** DATASET RECORDS follows **

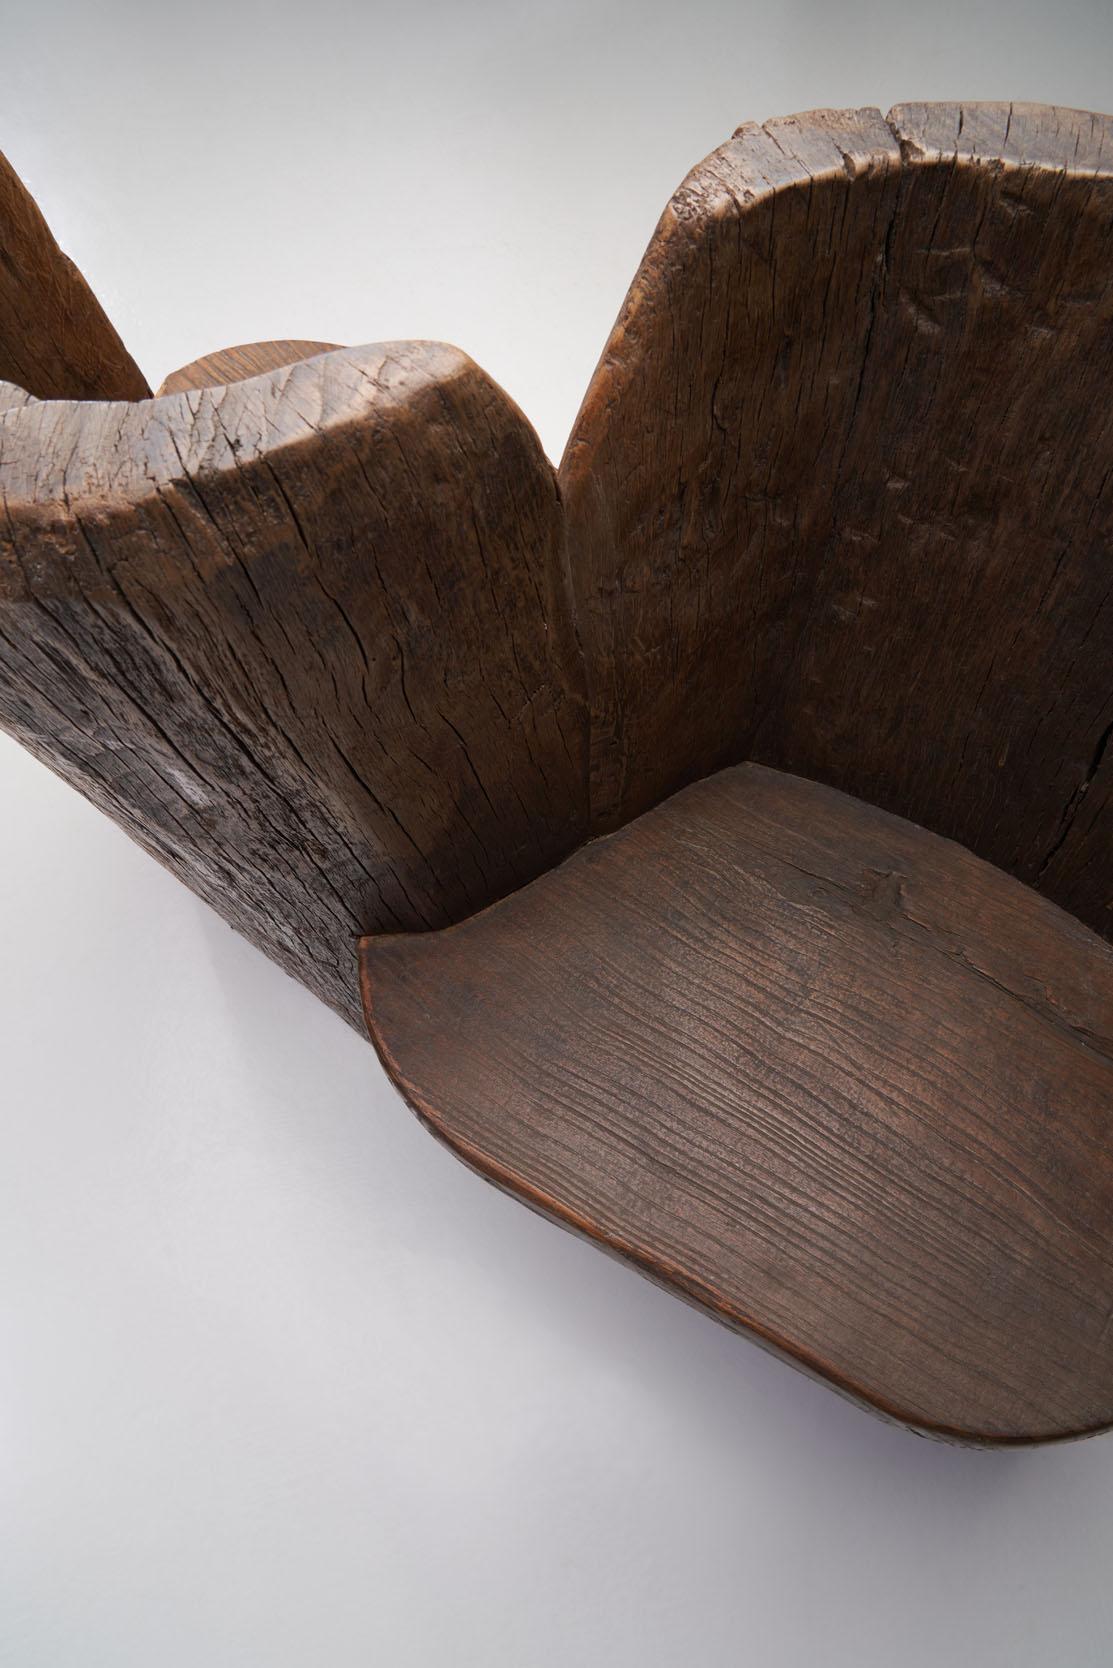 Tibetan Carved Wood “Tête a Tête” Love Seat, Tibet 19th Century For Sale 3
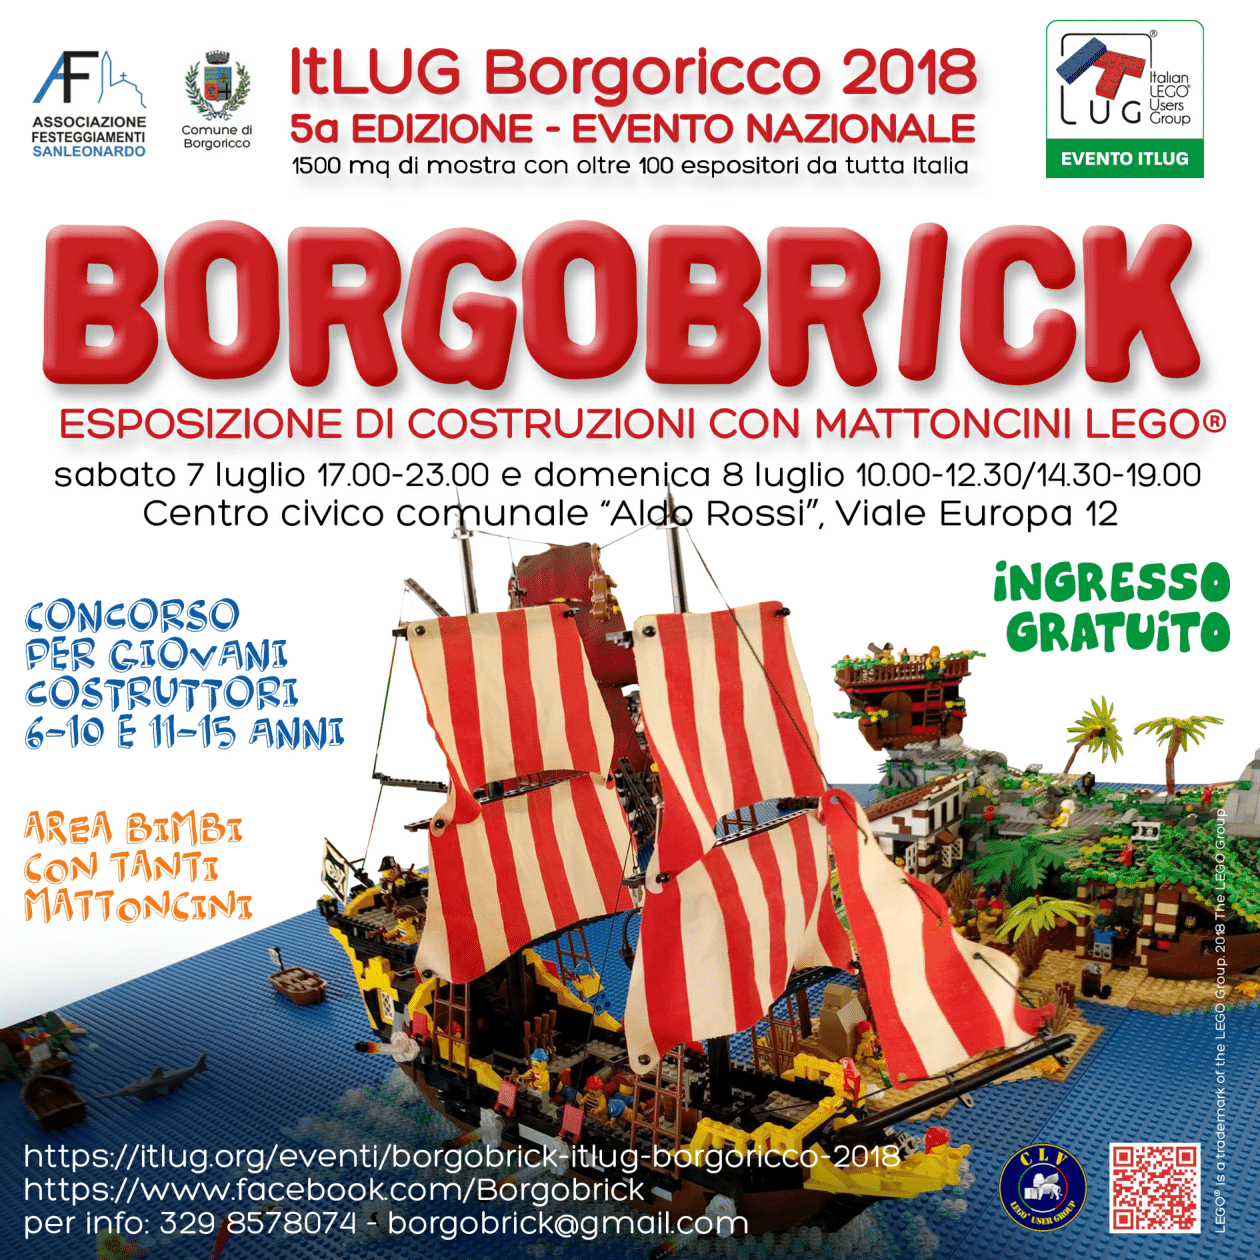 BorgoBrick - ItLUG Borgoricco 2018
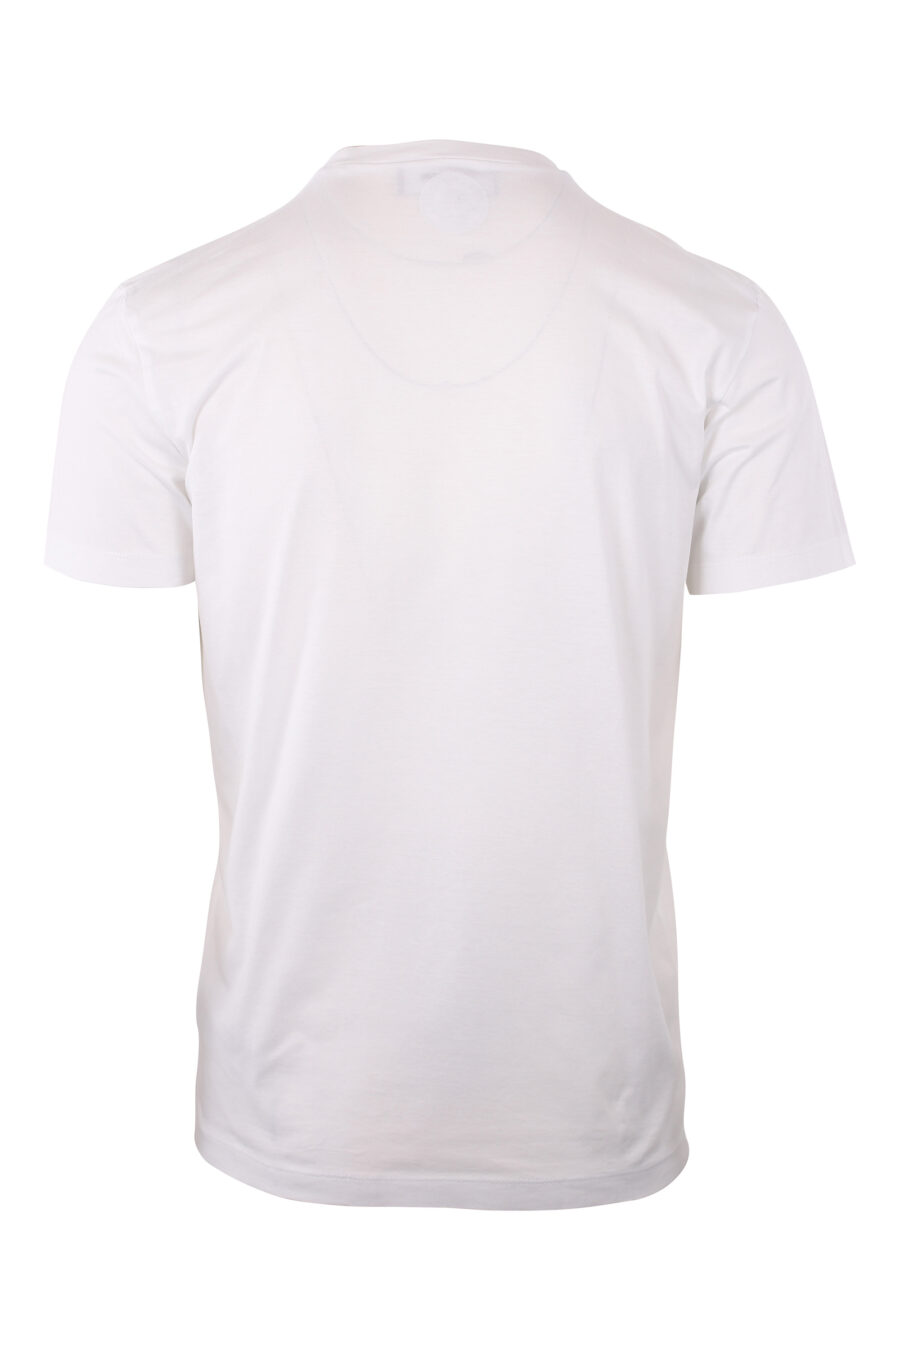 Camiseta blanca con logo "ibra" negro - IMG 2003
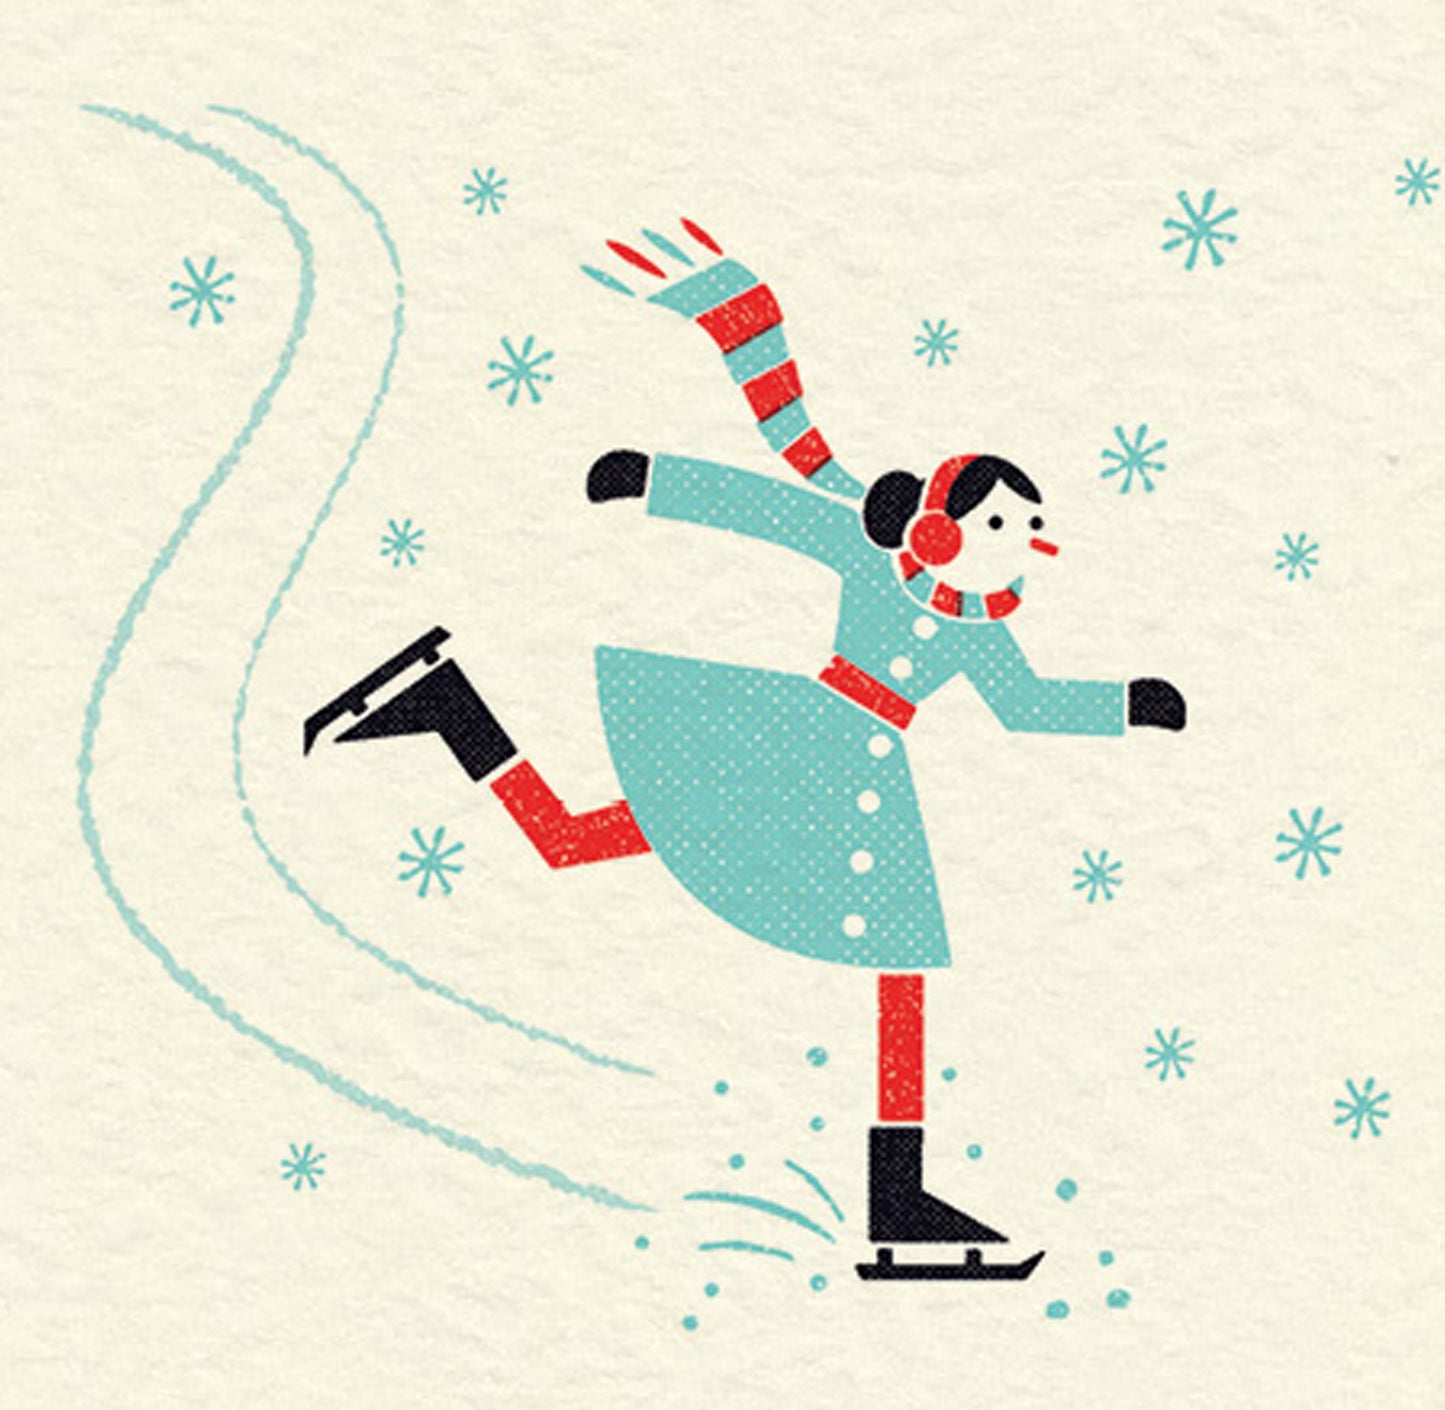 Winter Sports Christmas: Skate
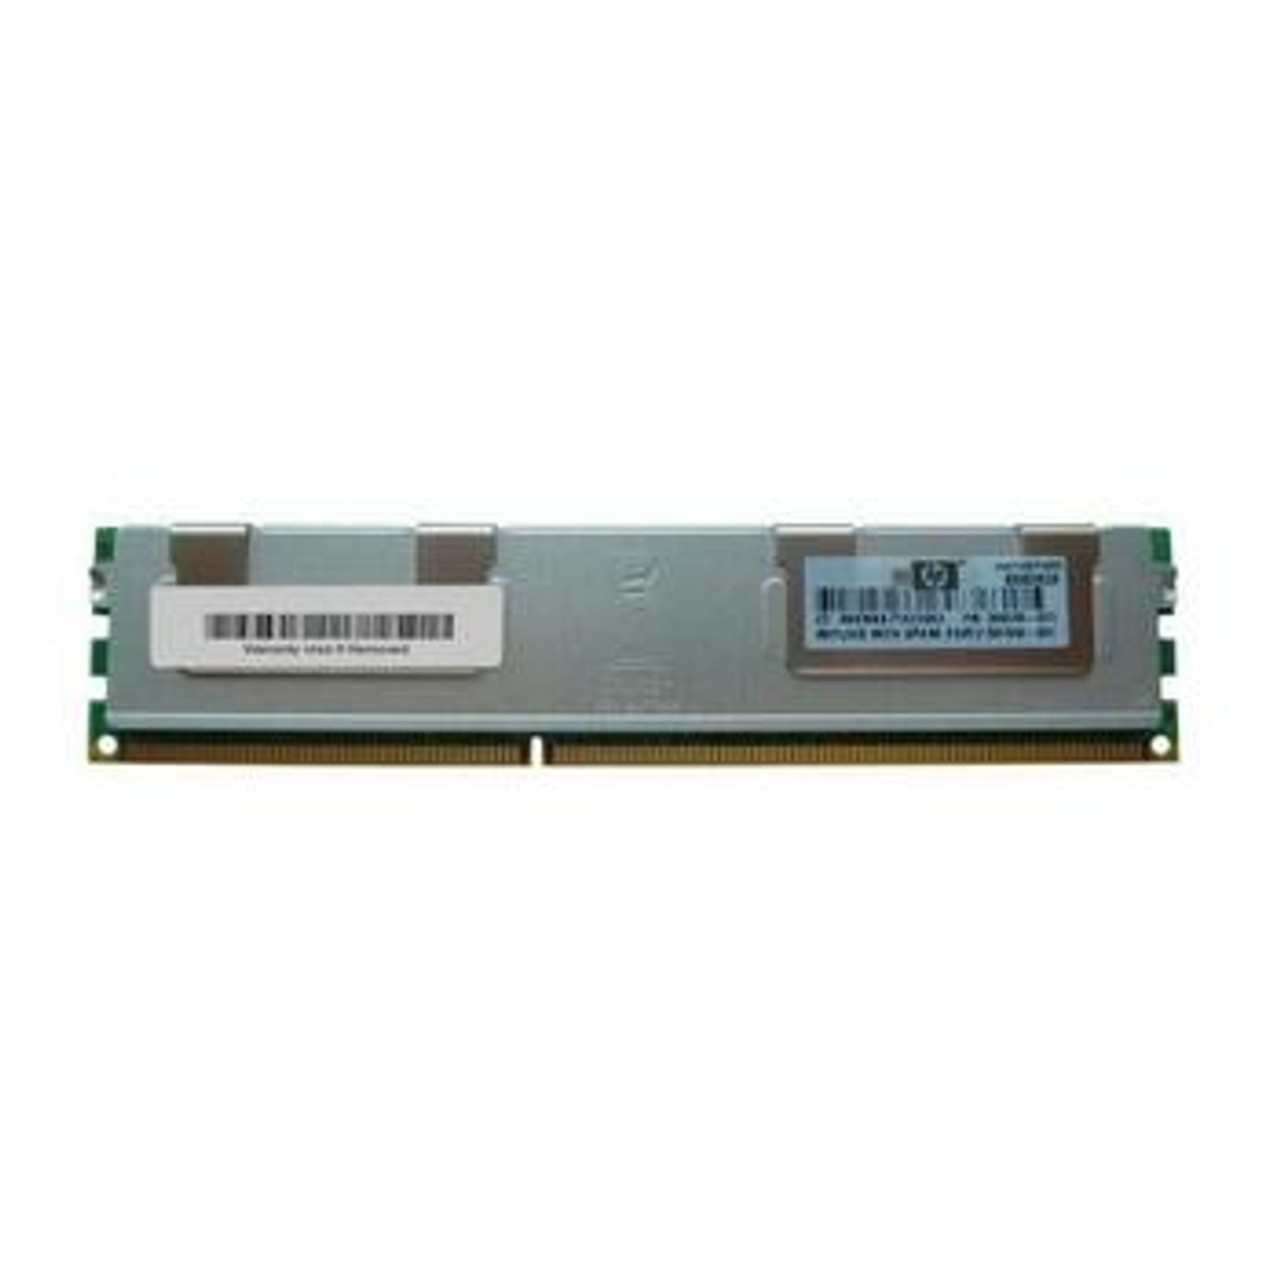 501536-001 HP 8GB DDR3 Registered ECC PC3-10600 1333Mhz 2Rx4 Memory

** End of DATASET RECORDS **

## WHAT YOU WILL DO
If a record holds a picture, drop the picture and reproduce everything else exactly.

## TASK SOLUTION
 Tibetan Carved Wood “Tête a Tête” Love Seat, Tibet 19th Century For Sale 3
 BorgoBrick - ItLUG Borgoricco 2018
 Camiseta blanca con logo "ibra" negro - IMG 2003
 Winter Sports Christmas: Skate
 501536-001 HP 8GB DDR3 Registered ECC PC3-10600 1333Mhz 2Rx4 Memory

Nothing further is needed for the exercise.